**What the task asks**
Retype the lines below exactly, but only those from the line that has "Crescent-shaped Hd Moon Wallpaper" through the line that has "Marine Corps Sergeant". Omit every picture.

── Data excerpts ──

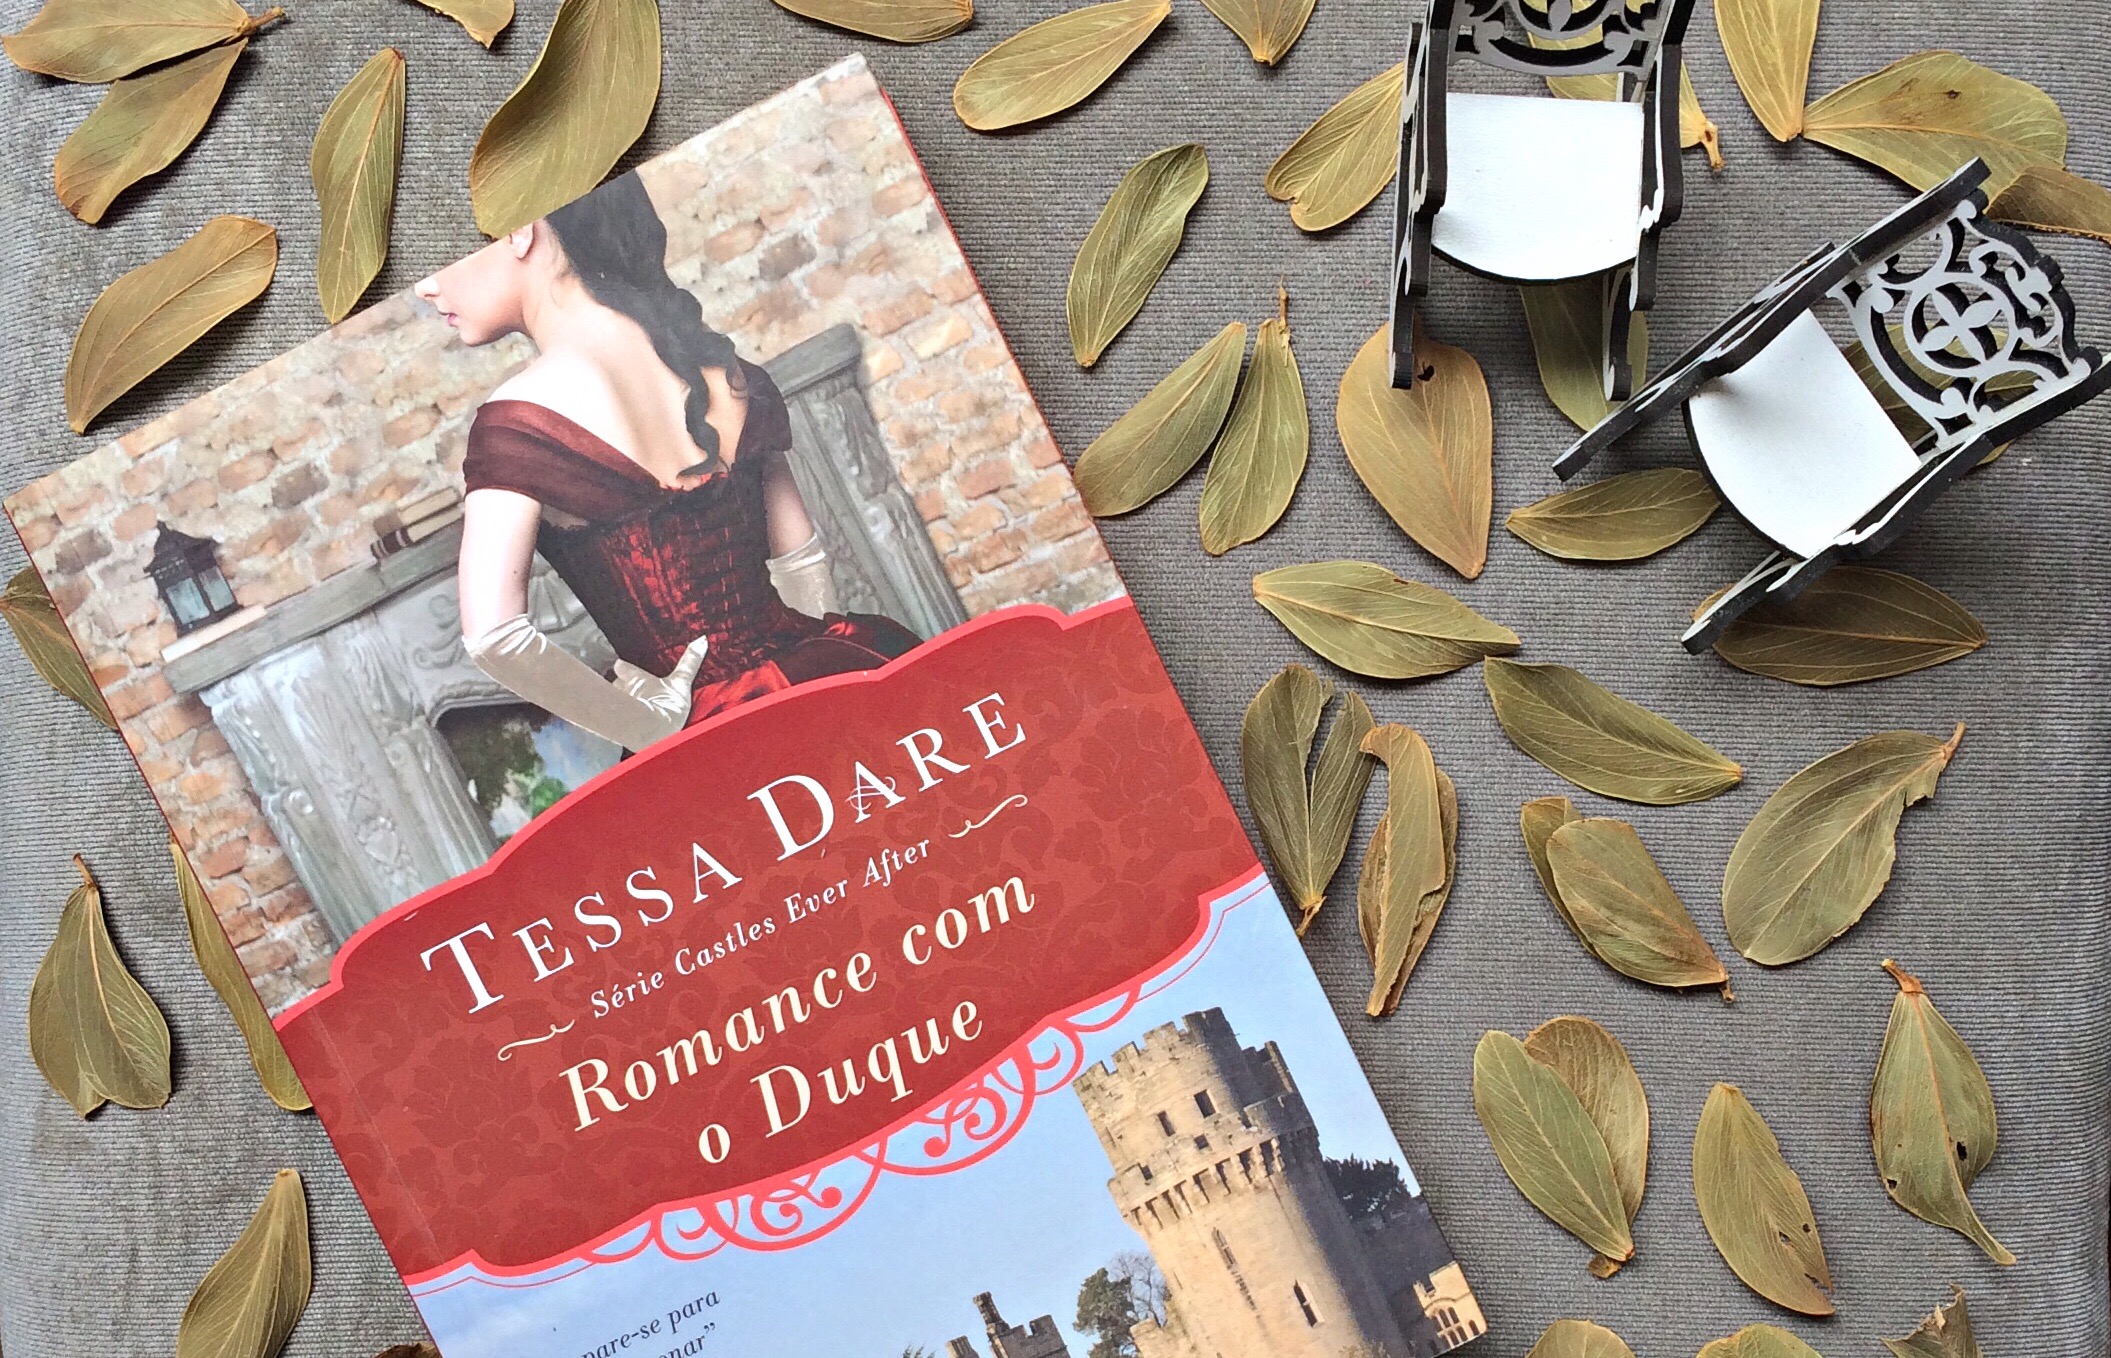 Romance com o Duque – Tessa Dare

───
── Data excerpts ──

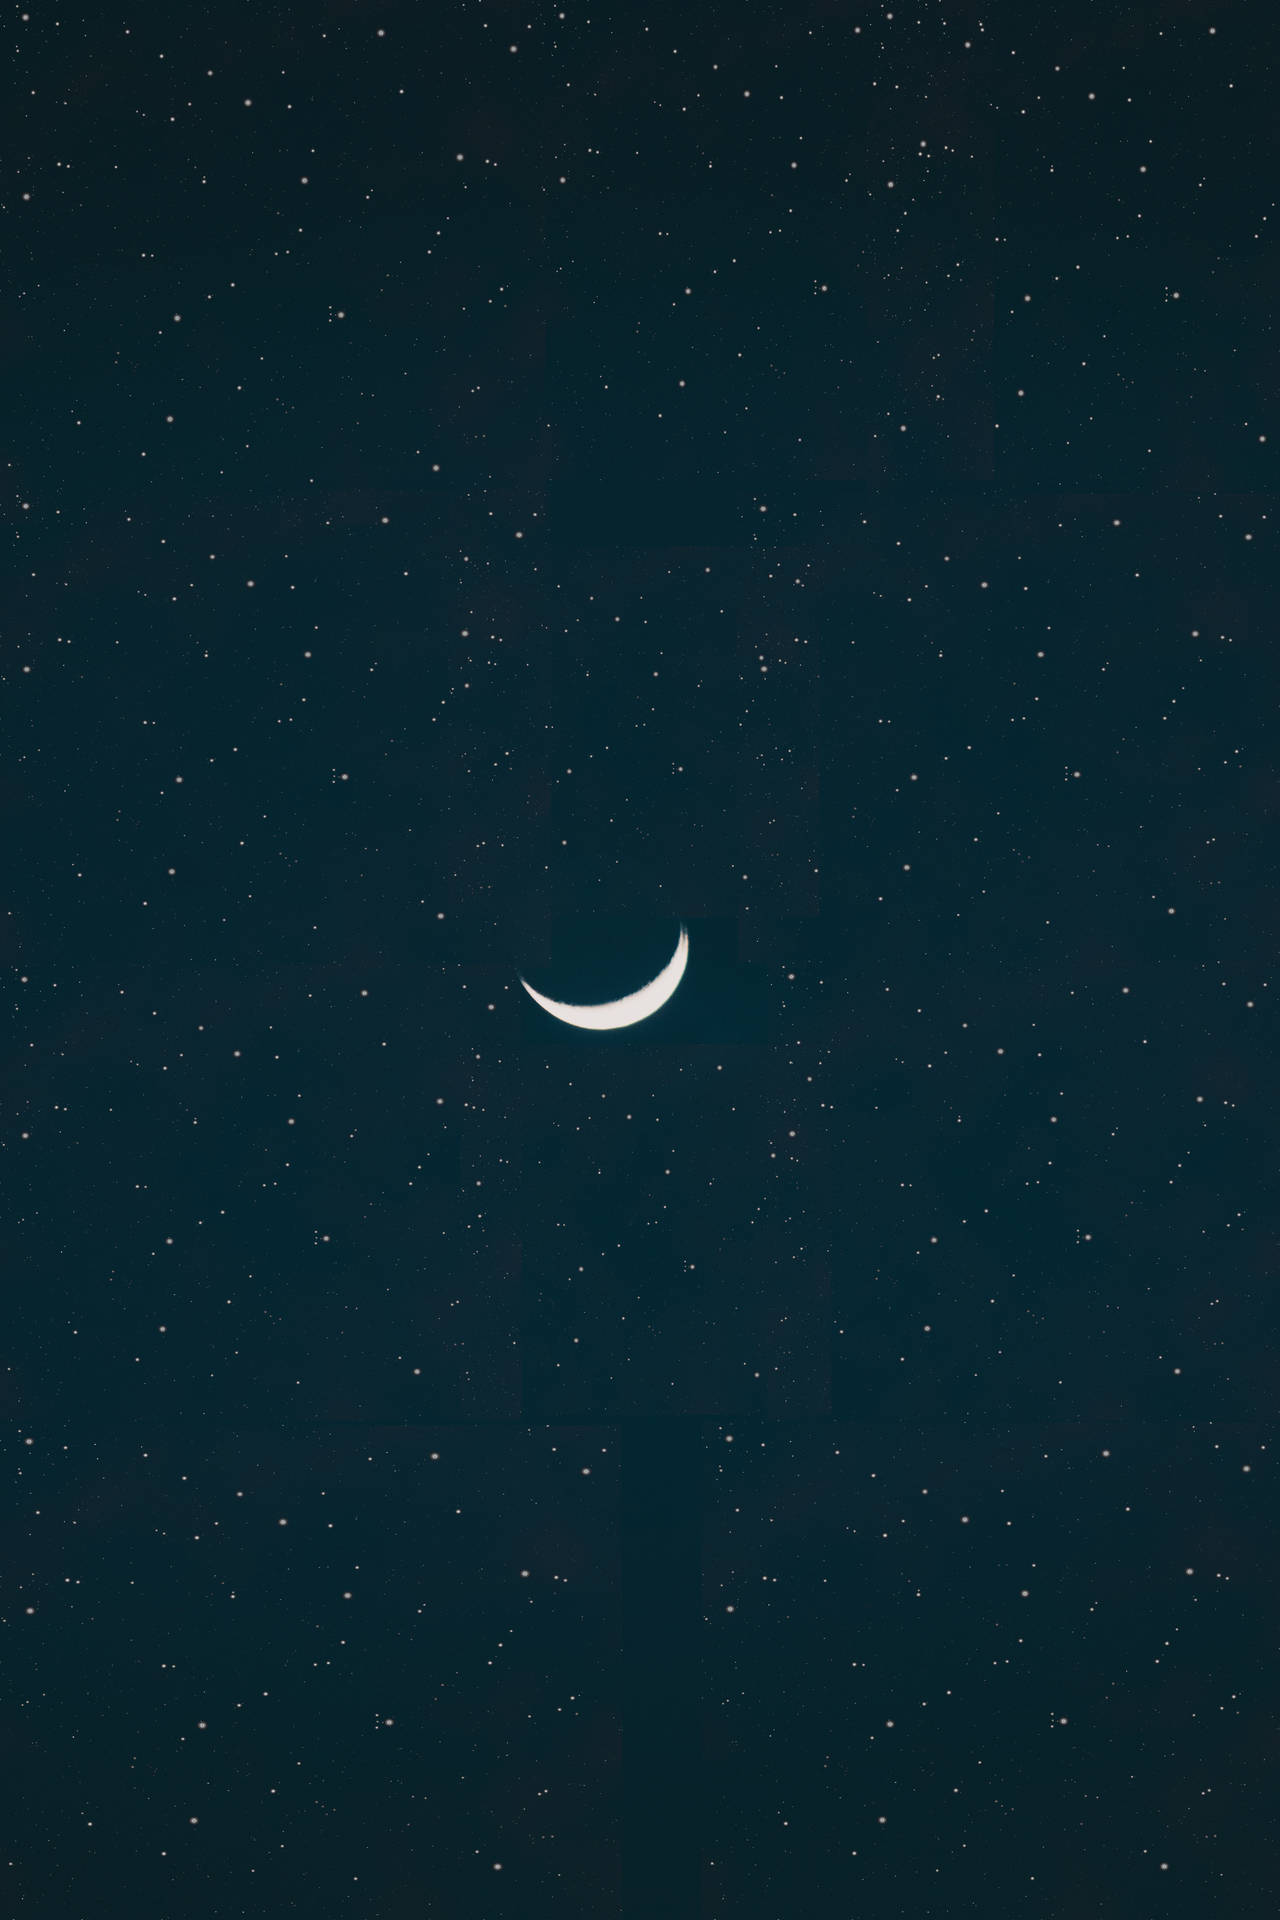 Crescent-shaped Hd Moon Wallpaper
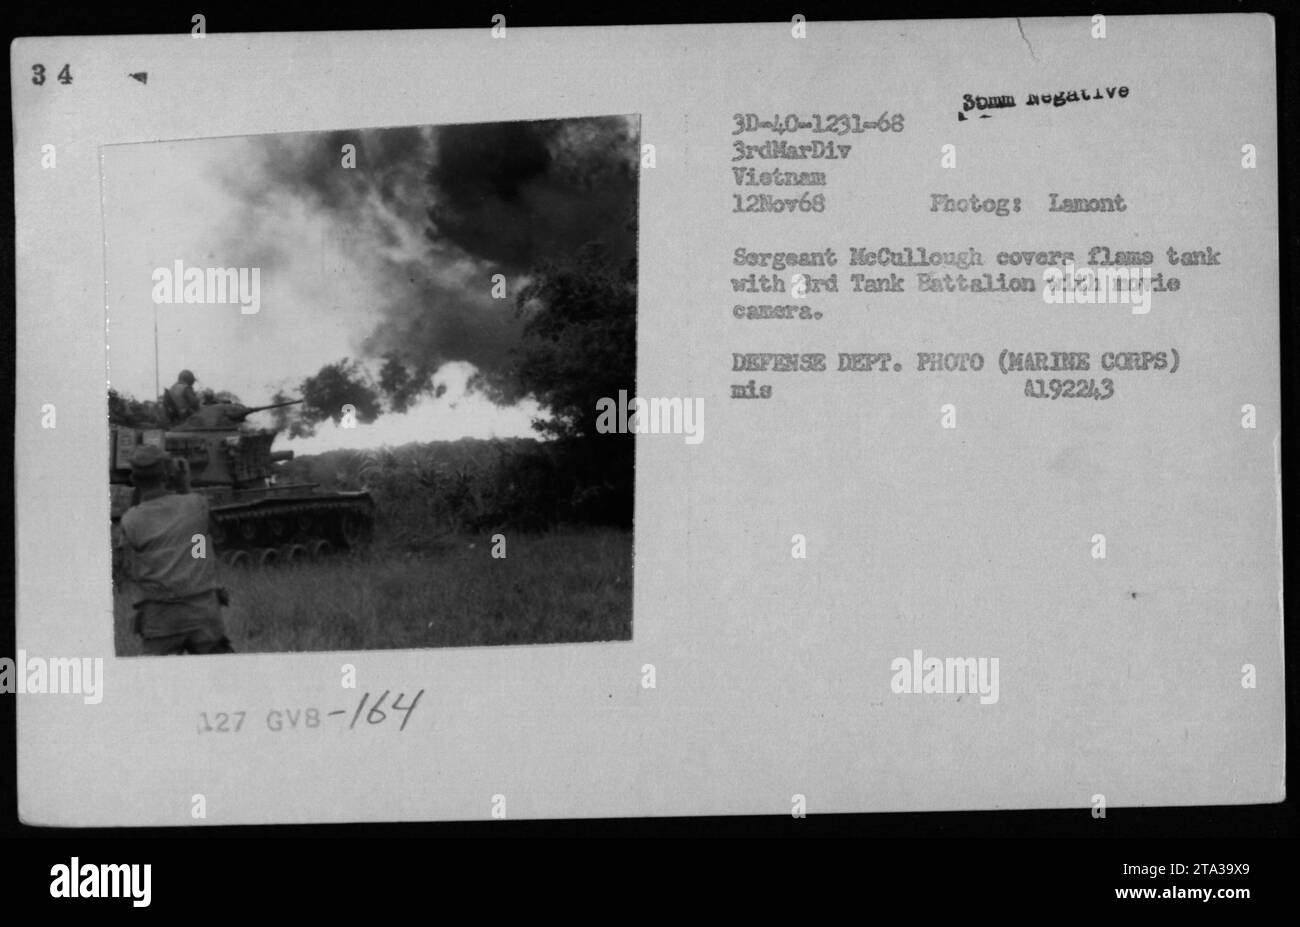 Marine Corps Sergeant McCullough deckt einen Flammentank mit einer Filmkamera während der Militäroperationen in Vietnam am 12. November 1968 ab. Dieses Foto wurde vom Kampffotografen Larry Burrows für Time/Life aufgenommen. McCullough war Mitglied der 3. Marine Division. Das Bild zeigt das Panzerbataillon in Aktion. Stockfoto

───
── Data excerpts ──

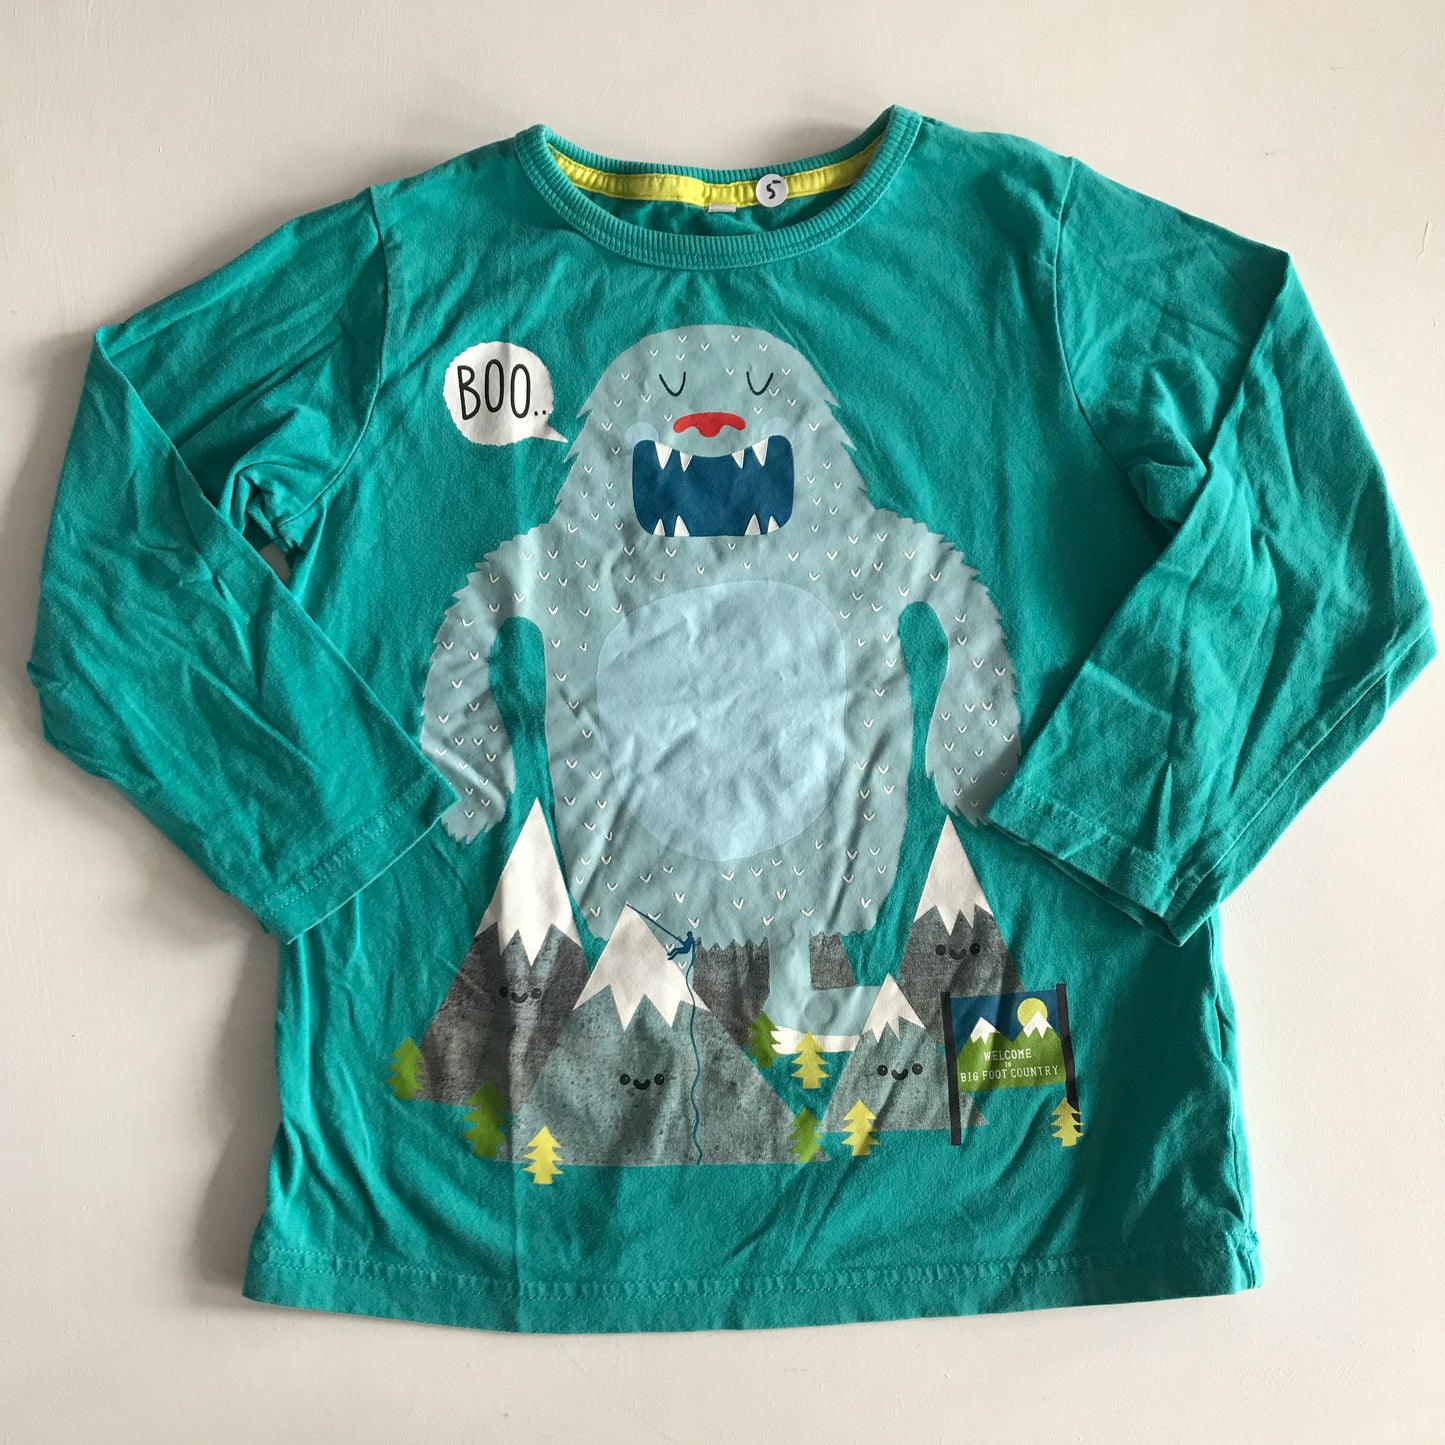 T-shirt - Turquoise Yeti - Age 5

───

**Worked solution**
 Crescent-shaped Hd Moon Wallpaper
 Marine Corps Sergeant McCullough deckt einen Flammentank mit einer Filmkamera während der Militäroperationen in Vietnam am 12. November 1968 ab. Dieses Foto wurde vom Kampffotografen Larry Burrows für Time/Life aufgenommen. McCullough war Mitglied der 3. Marine Division. Das Bild zeigt das Panzerbataillon in Aktion. Stockfoto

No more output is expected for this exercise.